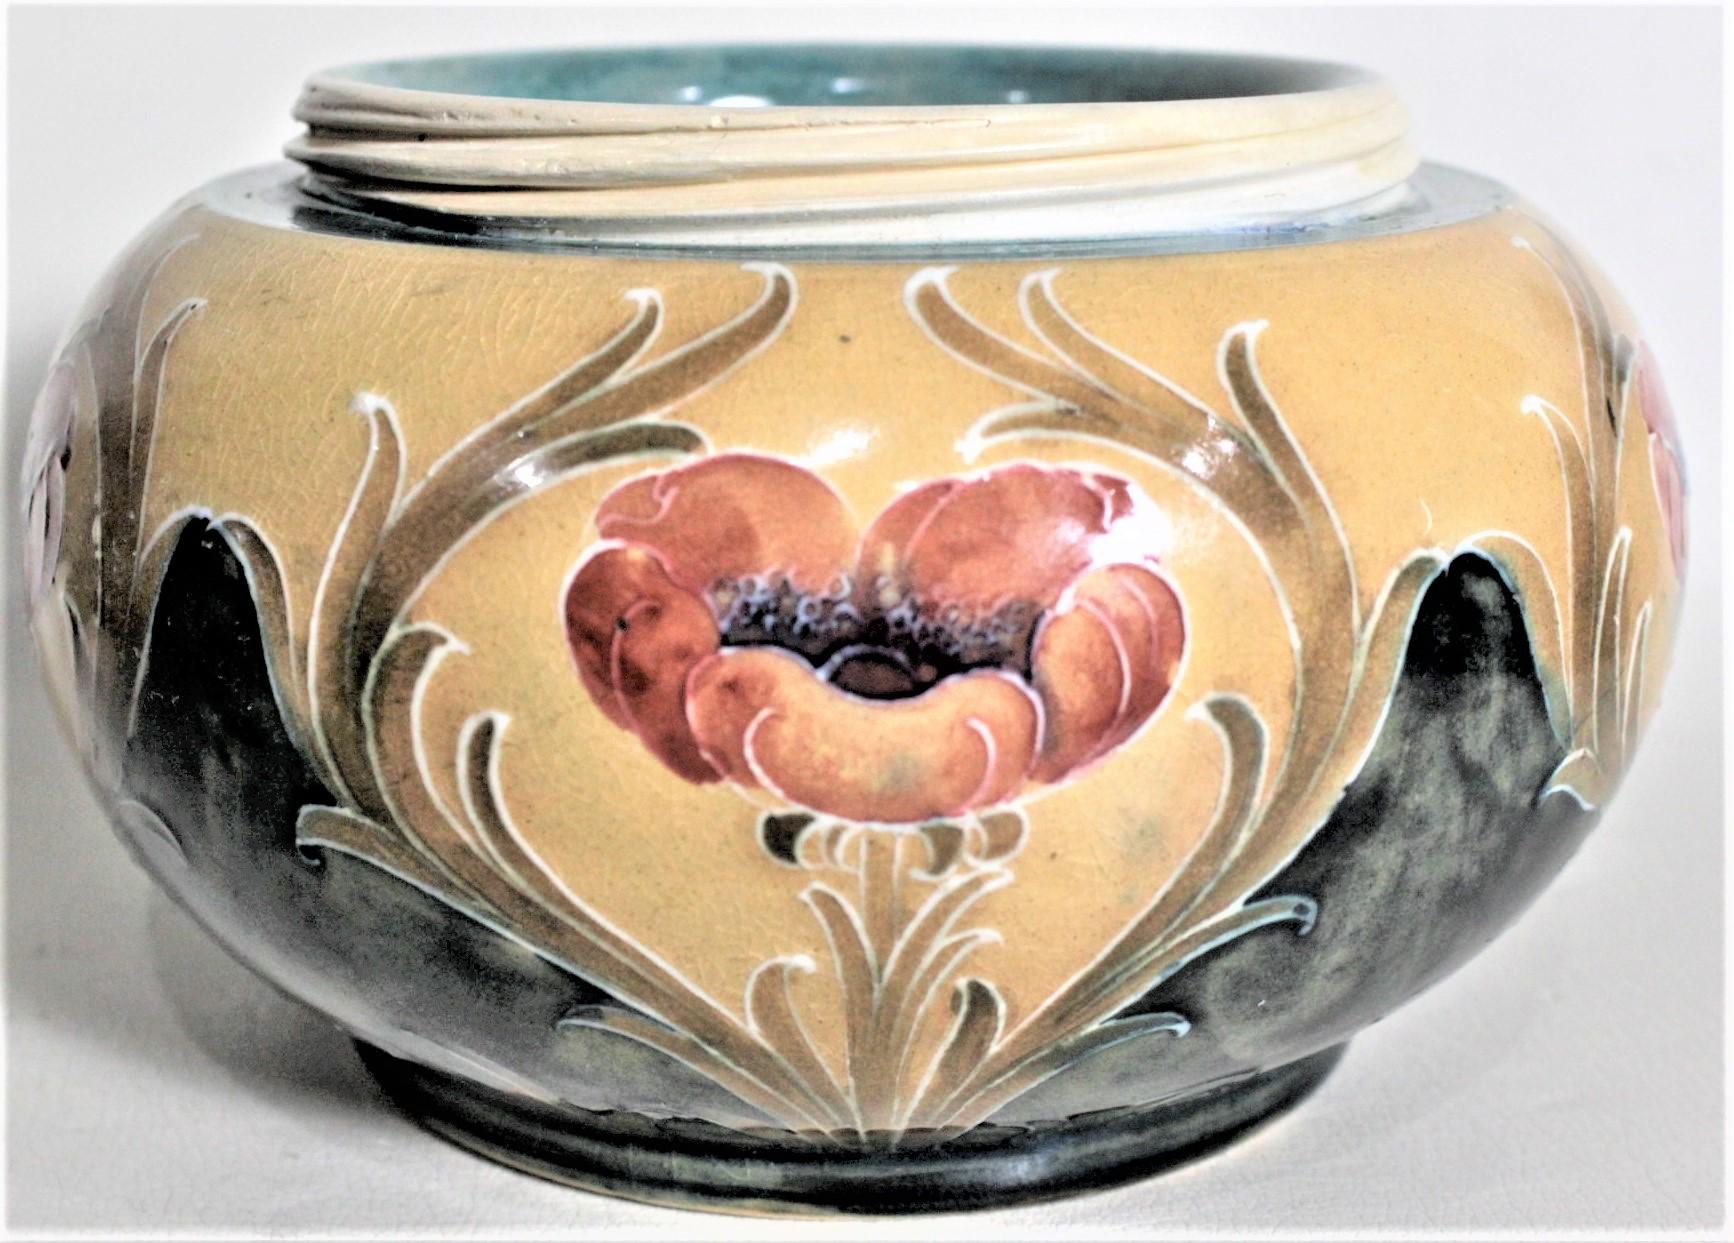 MacIntyre Moorcroft 'Poppy' Patterned Art Pottery Tobacco or Dresser Jar In Good Condition For Sale In Hamilton, Ontario
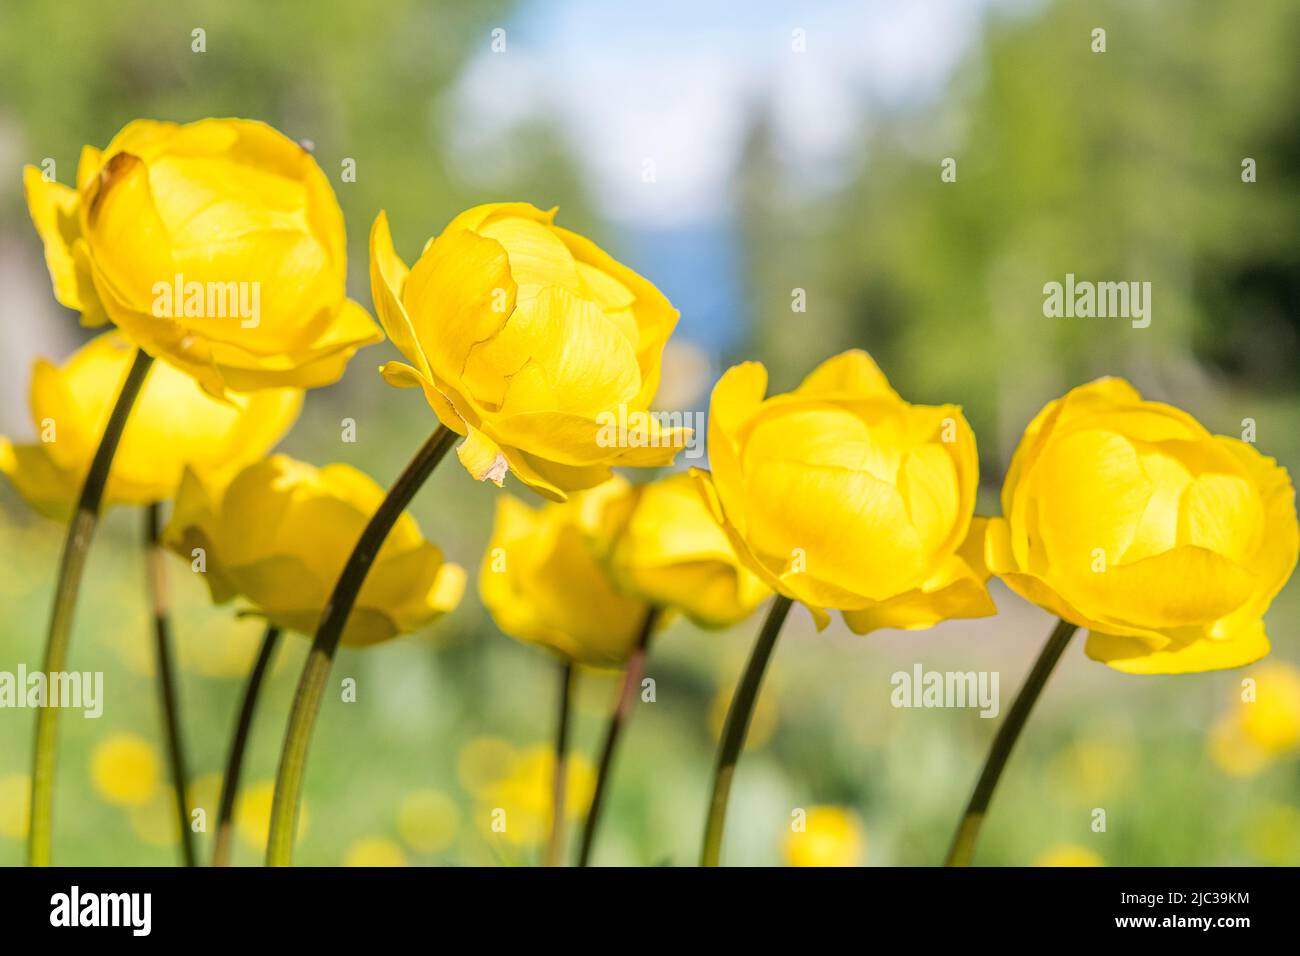 Trollius europaeus, the globeflower is a perennial flowering plant of the family Ranunculaceae. Stock Photo
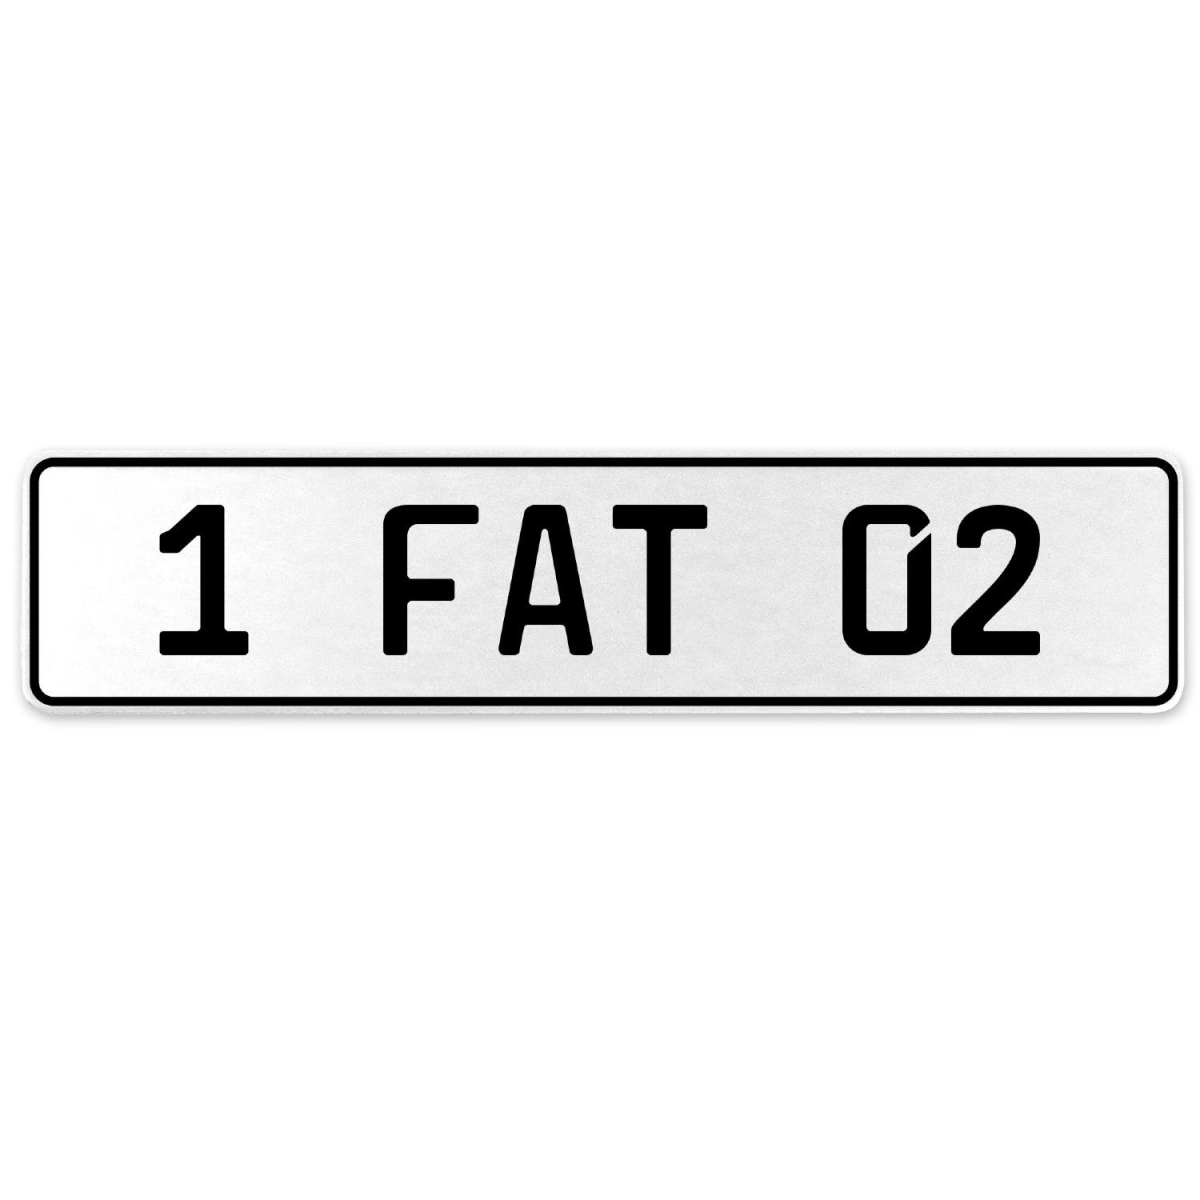 554599 1 Fat 02 - White Aluminum Street Sign Mancave Euro Plate Name Door Sign Wall

* * *

#### PROBLEM TO WORK ON
Starting at the line with "Trollius europaeus, the" and stopping at the final line of the material, reproduce each line exactly, both ends included. Leave the pictures out.

#### SOLUTION TO THE EXERCISE
 Trollius europaeus, the globeflower is a perennial flowering plant of the family Ranunculaceae. Stock Photo
 554599 1 Fat 02 - White Aluminum Street Sign Mancave Euro Plate Name Door Sign Wall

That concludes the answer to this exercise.